Okay, pretty good. It works, but this is also a pretty easy scenario. If this really is a proper agent, it should also handle multiple roundtrips. Let’s try something slightly more complex:

const result = await agent.invoke({
  messages: [
    {
      role: "user",
      content: `
        Go to https://surma.dev, find
        the very first blog post ever
        published, and give me the
        "golden rule" it mentions.
      `,
    },
  ],
});

👤 User:
Go to https://surma.dev, find the very first blog post ever published, and give me the "golden rule" it mentions.
🛠️ Tool:
webfetch({url: "https://surma.dev"}) -> <!doctype html> ...
🛠️ Tool:
webfetch({url: "https://surma.dev/things/"}) -> <!doctype html> ...
🛠️ Tool:
webfetch({url: "https://surma.dev/things/maelstromgaming"}) -> <!doctype html> ...
🤖 Assistant:
The “golden rule” mentioned in the very first blog post on surma.dev, titled “Maelstrom Gaming and 12 fps” and published on November 11, 2015, is: “Always profile. Don’t guess where your bottlenecks are but gather hard numbers first.”

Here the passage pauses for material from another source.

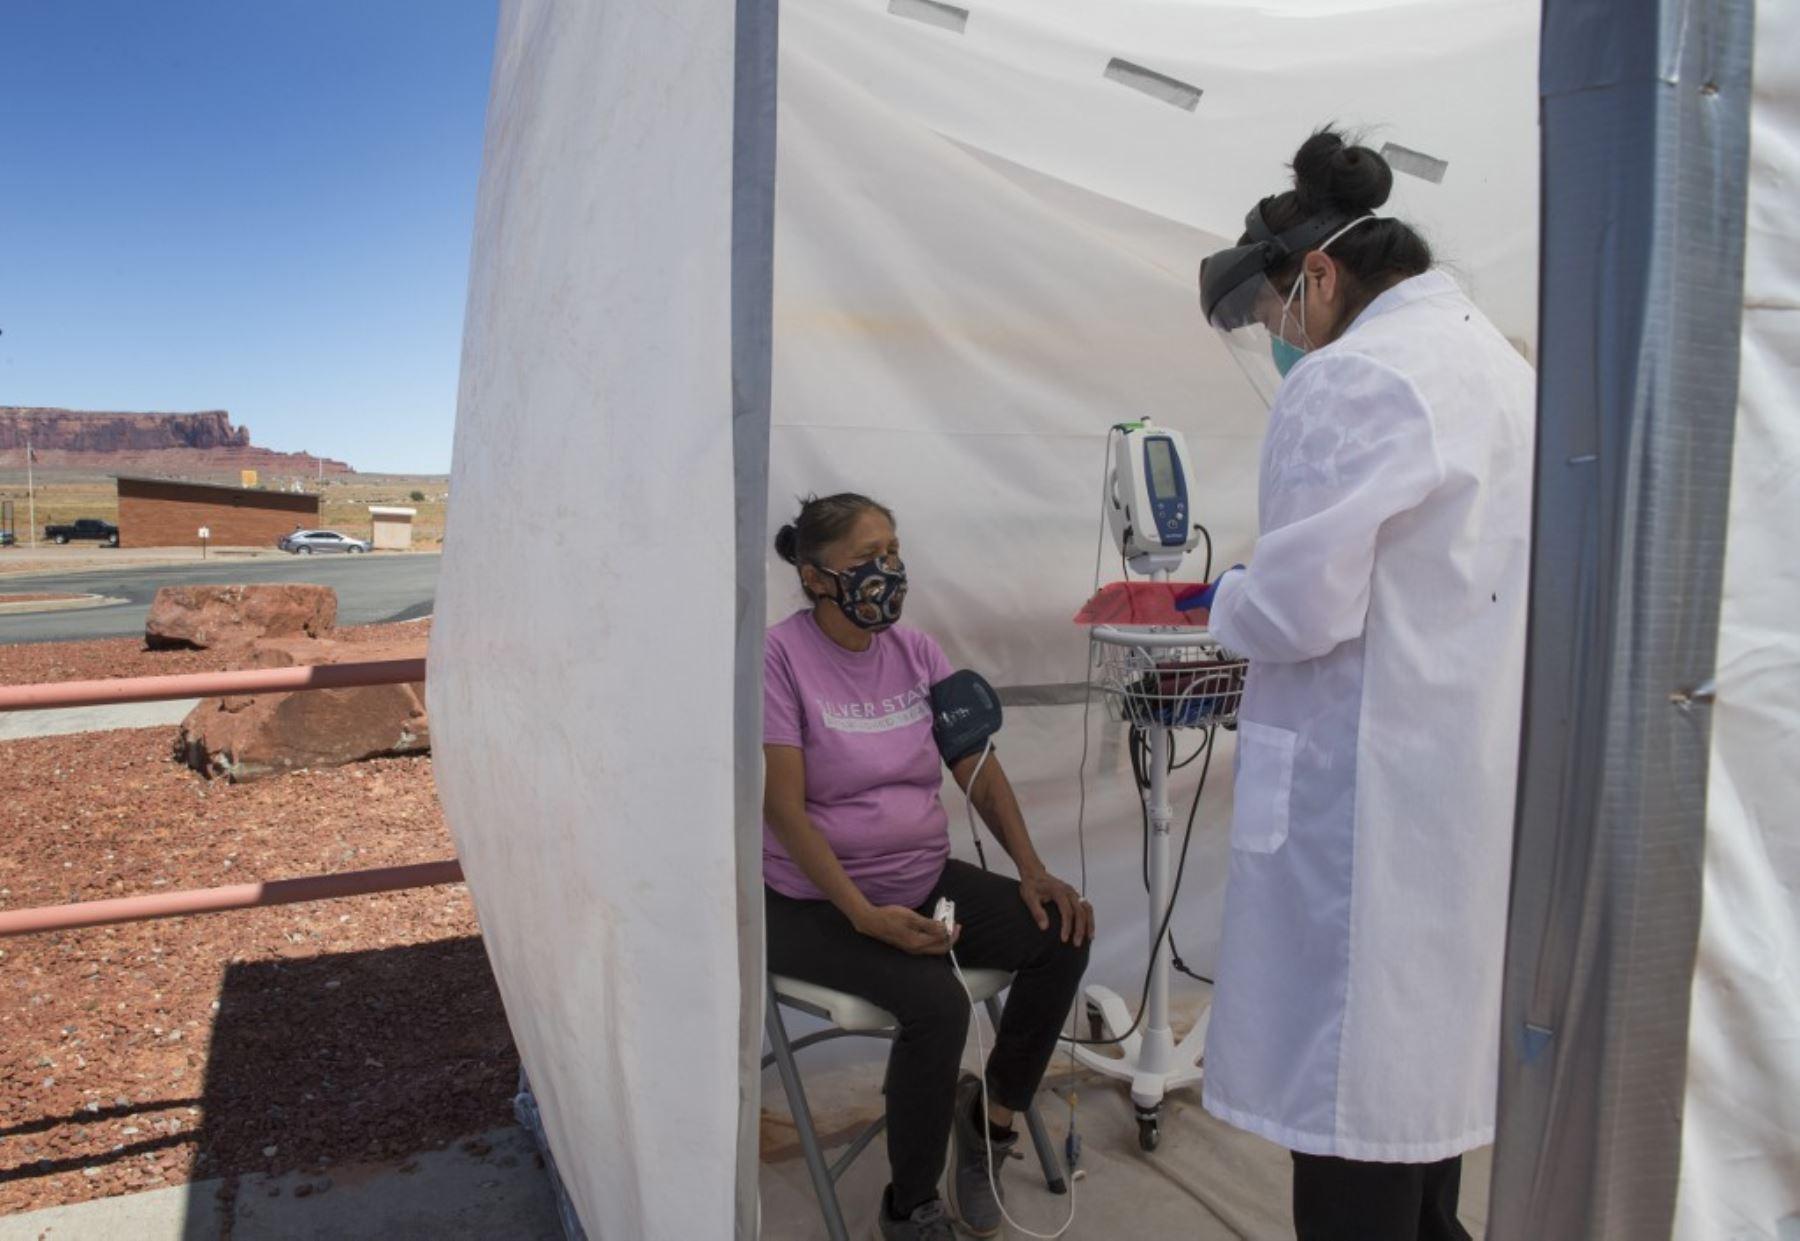 Una enfermera revisa los signos vitales de una mujer indígena navajo que se queja de síntomas de virus, en un centro de pruebas COVID-19 en la ciudad Nación Navajo de Monument Valley en Arizona. Foto: AFP

Now that is slightly more exciting! (And the golden rule is still as sound as ever!)

Agent Clusters

Now we know that agents can be modelled as graphs under the hood. From the outside, however, they are just a simple, async call to the invoke() method. We also know that every node in a graph is just an async function, so... a node in a graph could be an entire agent itself! It’s nested graphs. How wild.

That is what agent clusters and swarms are. In fact, there are a plethora of multi-agent architectures, and the LangGraph docs list a couple of them and how to build them using LangGraph. In general, the LangGraphJS docs are pretty disappointing when it comes to documenting the actual JS API, but contain loads of insight and examples for architectures.

A coding cluster

For example, we could imagine a small cluster of agents that implement web apps for you!

I am not saying this is a good architecture by any means. But you should look at this and feel like you’d be able to implement this now!